Which happened first? That is uncertain, but the authors show that the right-most frame shift (called g.621delT) did not influence the change in the splice site. The splice site change was caused by a series of about six mutations within the first intron, (not shown), which shifted the pattern of mRNA self-hybridization that helps direct splice site selection. So it is likely that the splice site change happened first, essentially killing the gene. And then the downstream frameshift happened later on to rescue it in a partial, not very well-expressed way. However, either mutation could have happened first to functionally kill off this gene, and then further mutation(s) to recover its function. In any case, both events happened within this roughly six-million-year time span that generated our immediate lineage, becoming firmly fixed as the only version of this gene now in our collective genome.

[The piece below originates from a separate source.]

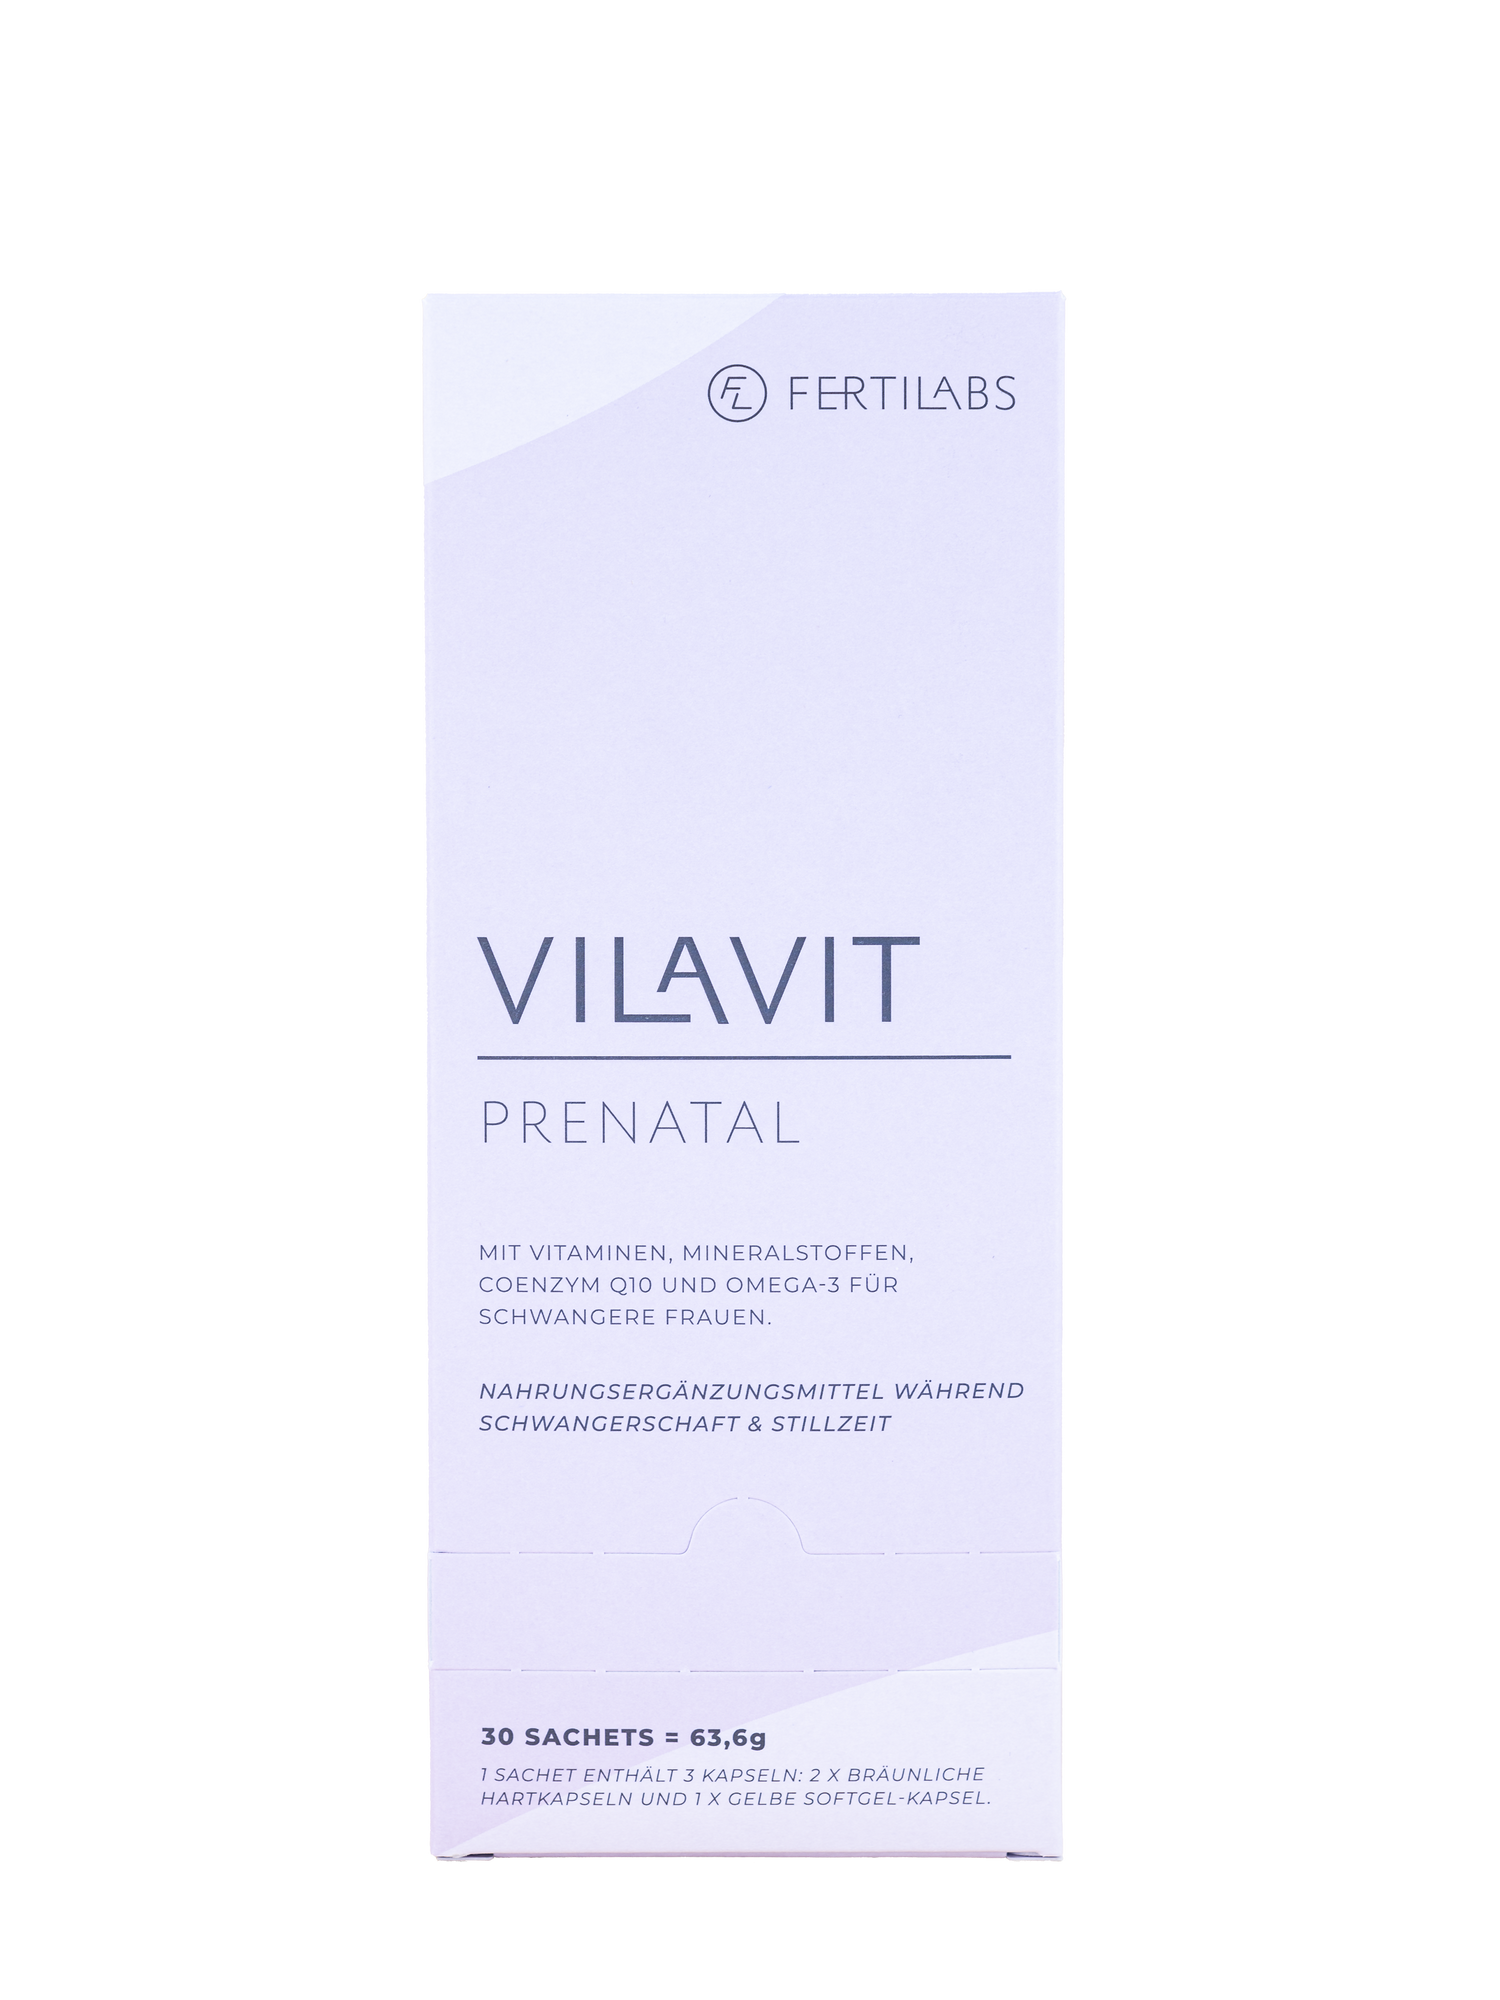 VILAVIT Prenatal für Schwangerschaft und Stillzeit

What might cause these events? It all goes back to the function of SLAMF9. As shown above, it is very highly conserved. But, being part of the immune system and the interface we show to pathogens, it is also on the front line of the bio-warfare arms race. As humans started ranging far beyond their original habitats, they doubtless encountered many new pathogens. It seems likely that killing off this gene might have resolved one such fight, at least for a little while, perhaps by removing a pathogen entry point. But later on, it became beneficial to recover it, which is to say that new mutations that restored its function even a little bit were evidently selected for, and spread in the population. There was a race at this point between the accumulation of more (now neutral) mutations that would have permanently inactivated this gene, and the advent of that one special mutation that could save it. The overall conservation of SLAMF9 argues that saving it must have conferred significant benefits.